START GIVEN INFORMATION

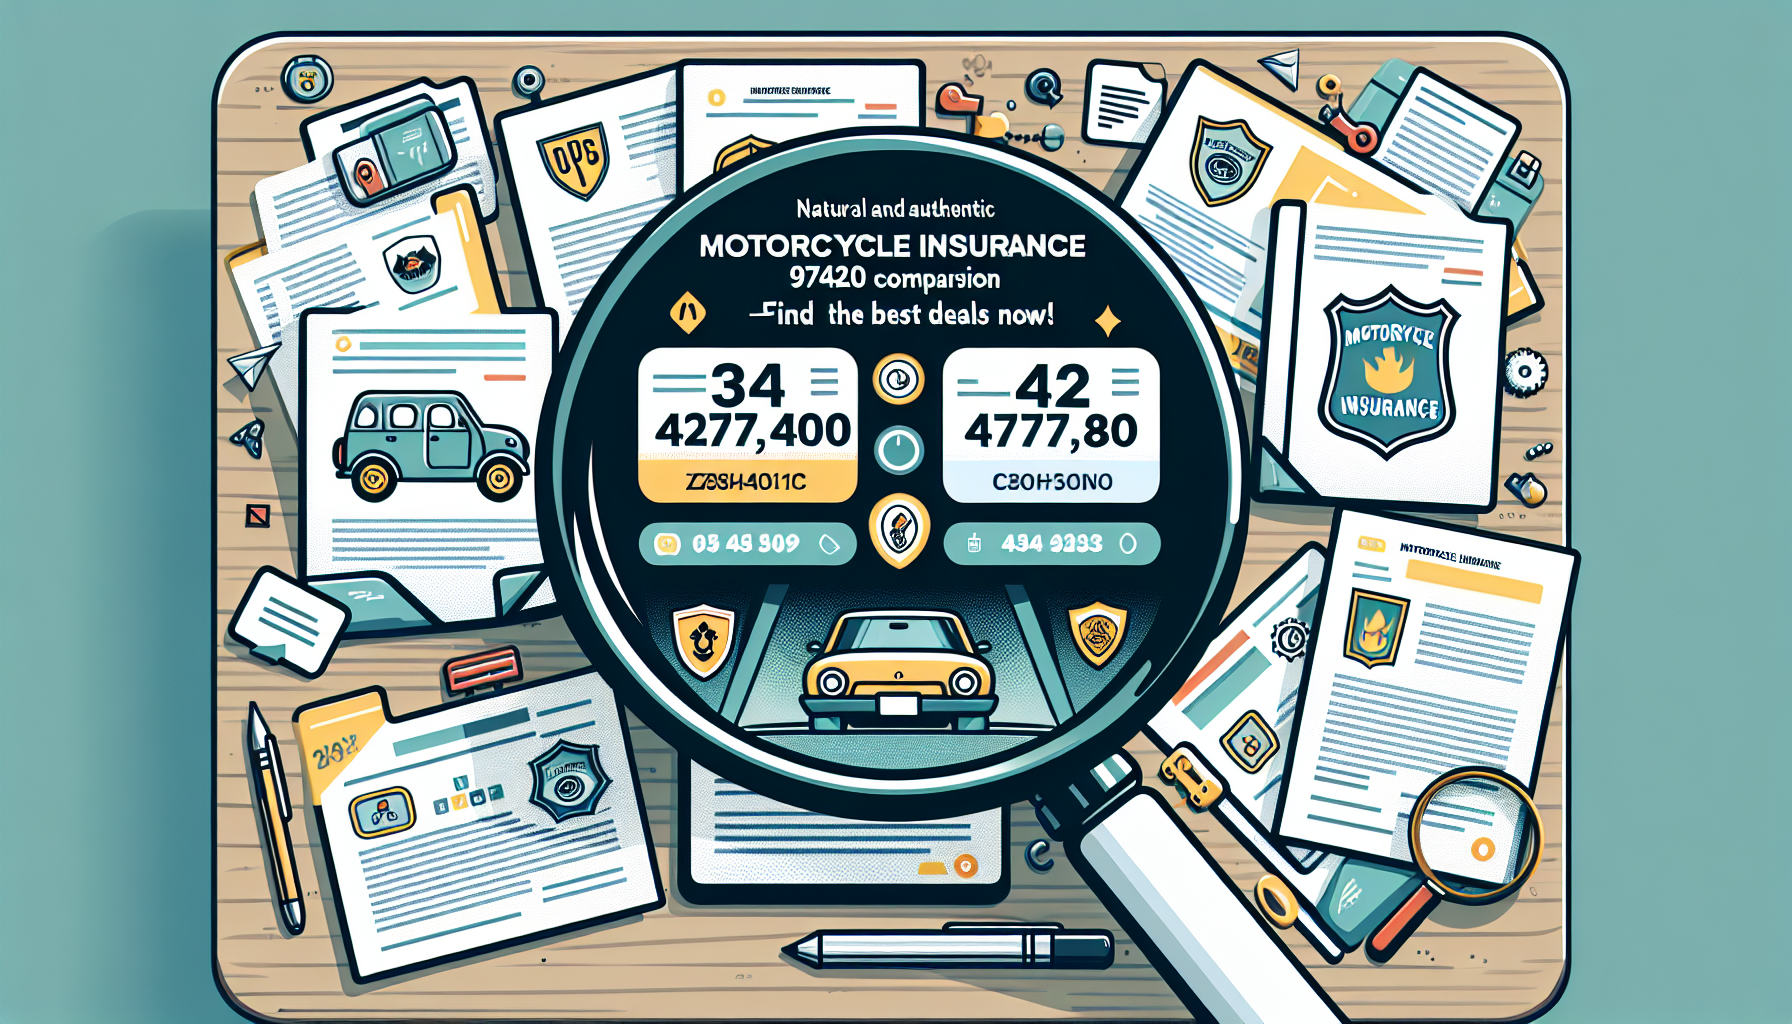 découvrez les avantages de l'assurance moto 97420 comparateur et obtenez les meilleures offres pour protéger votre véhicule et votre sécurité sur la route.
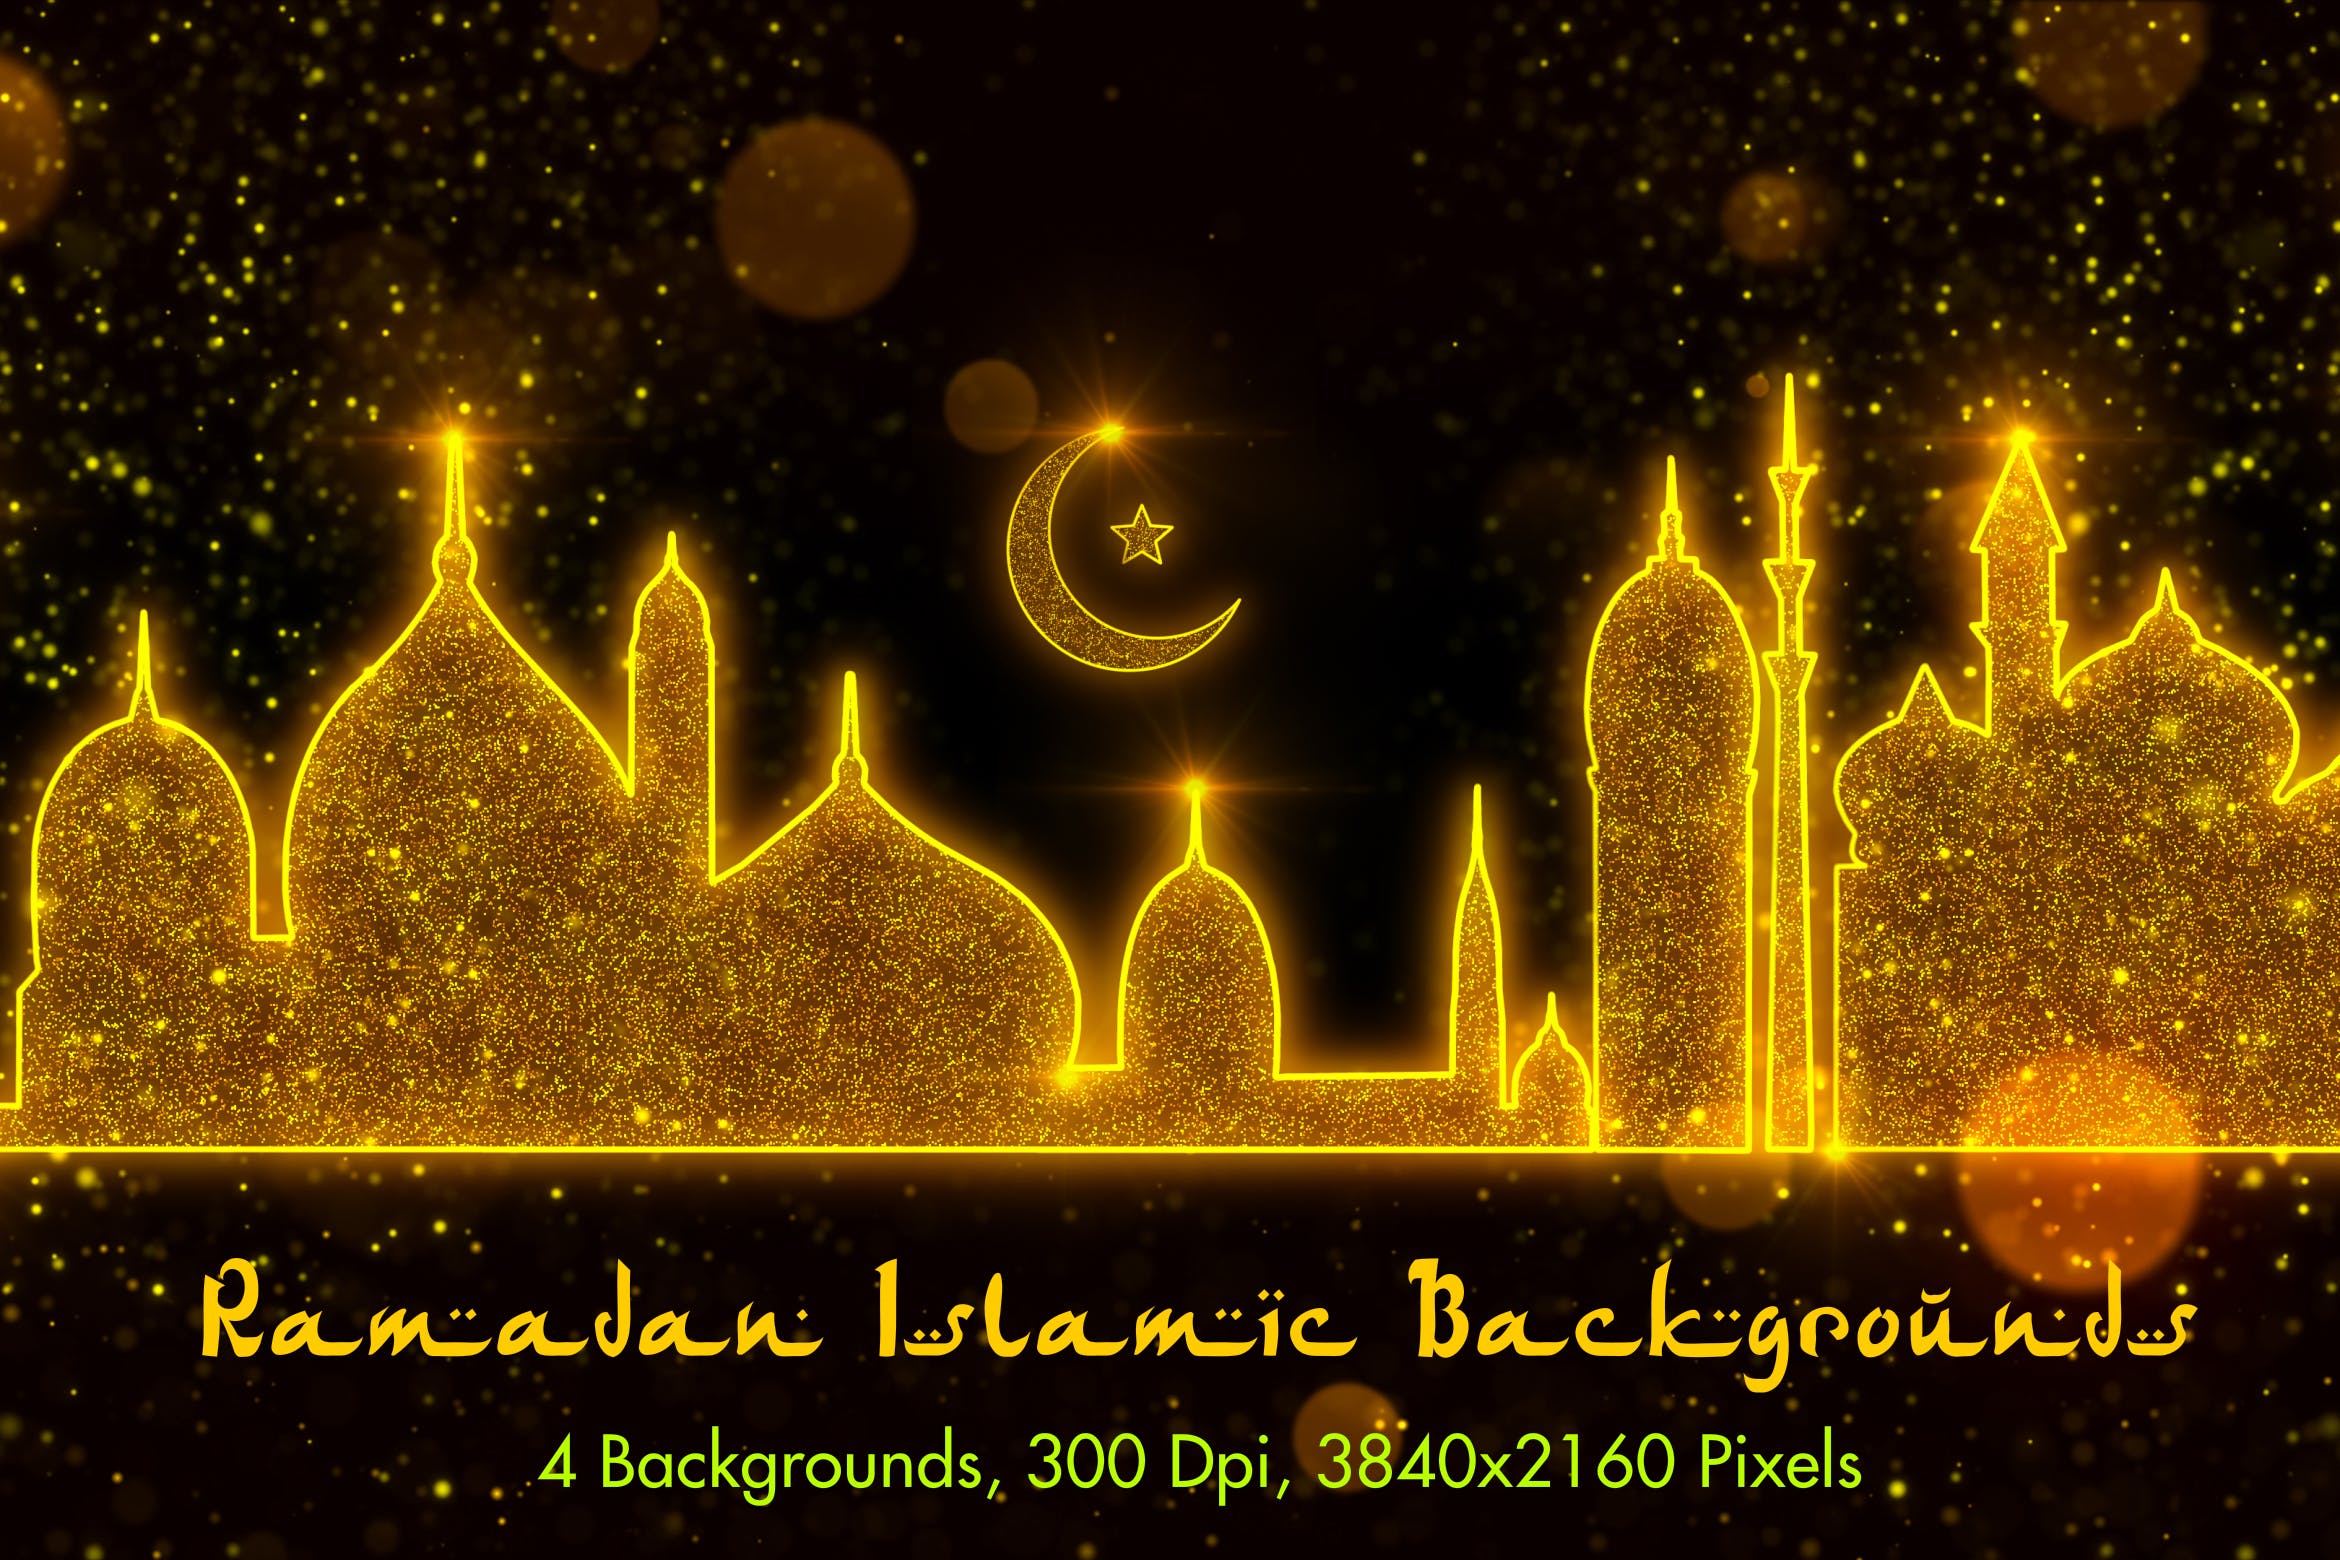 伊斯兰斋月节日主题高清背景素材 Ramadan Islamic Backgrounds插图
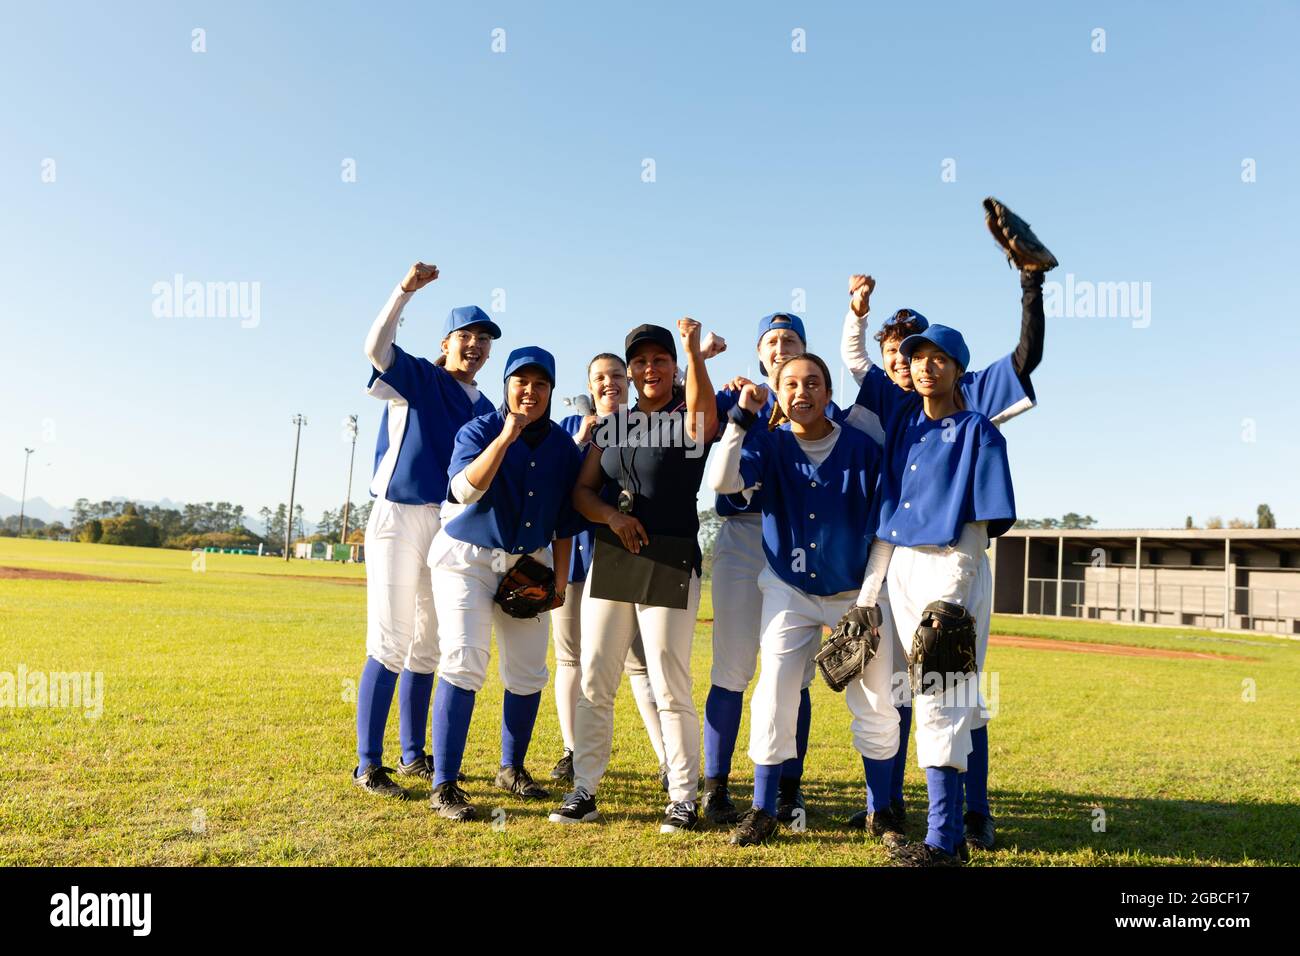 Portrait d'un groupe diversifié de joueuses de baseball et d'un entraîneur debout et applaudisant sur un terrain ensoleillé Banque D'Images

END GIVEN INFORMATION

◆ WORK REQUIRED
From the line containing "伊斯兰斋月节日主题高清背景素材 Ramadan Islamic" to the end of the data above, give those lines again verbatim, with both endpoints included and no images.

◆ TASK OUTPUT
 伊斯兰斋月节日主题高清背景素材 Ramadan Islamic Backgrounds插图
 Portrait d'un groupe diversifié de joueuses de baseball et d'un entraîneur debout et applaudisant sur un terrain ensoleillé Banque D'Images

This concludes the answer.